**Exercise requirements:** An exact copy of the entries below is required, with all pictures removed.

**Records provided:**
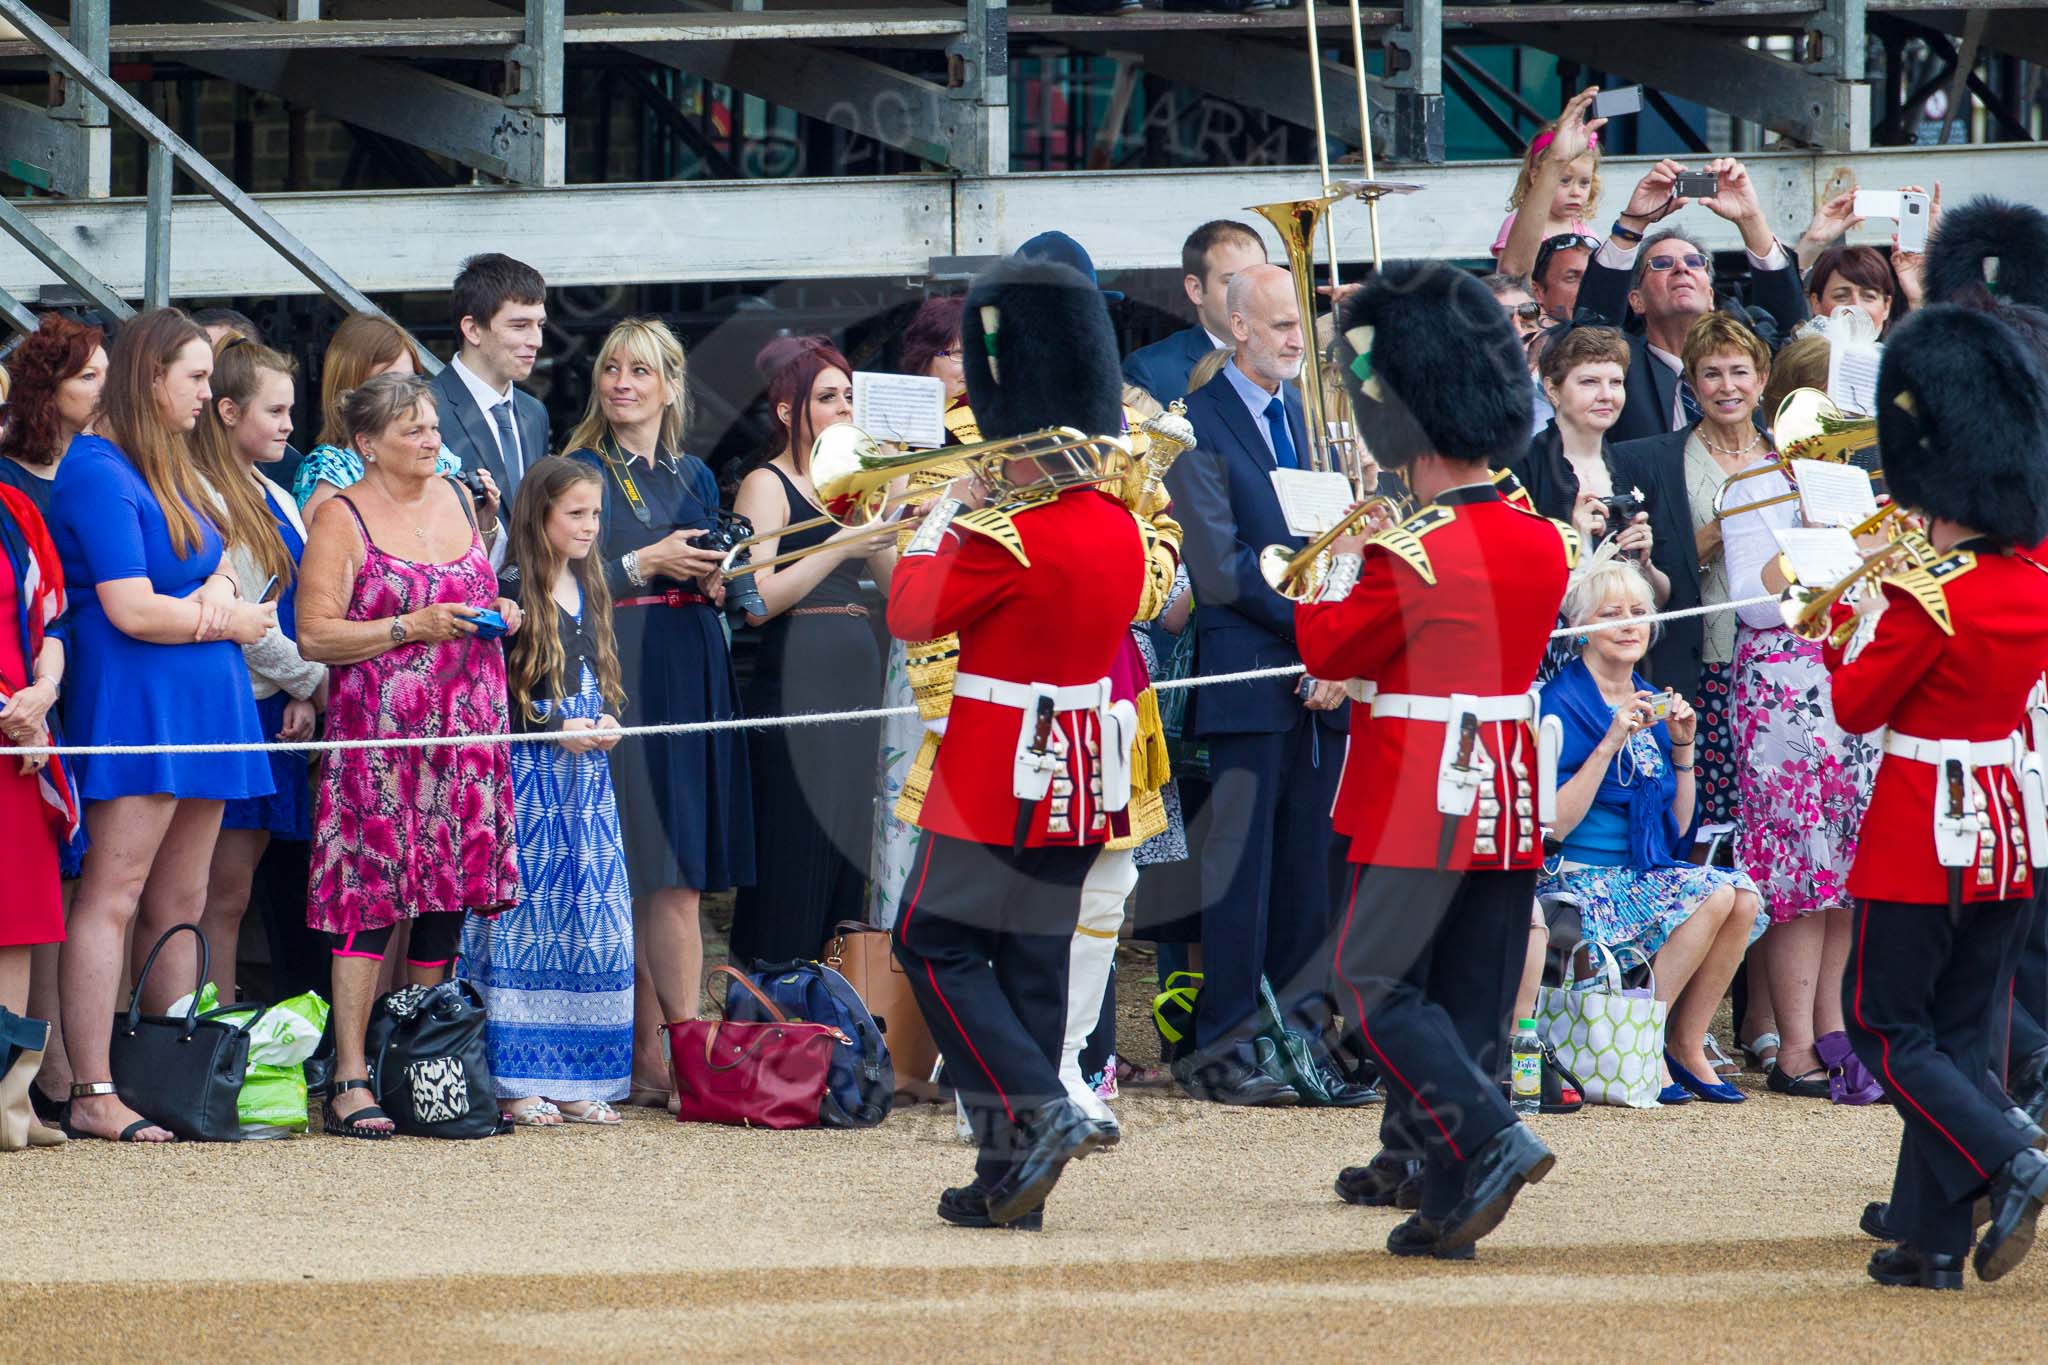 Trooping the Colour 2014.
Horse Guards Parade, Westminster,
London SW1A,

United Kingdom,
on 14 June 2014 at 10:13, image #83

**Reply:**
 Trooping the Colour 2014.
Horse Guards Parade, Westminster,
London SW1A,

United Kingdom,
on 14 June 2014 at 10:13, image #83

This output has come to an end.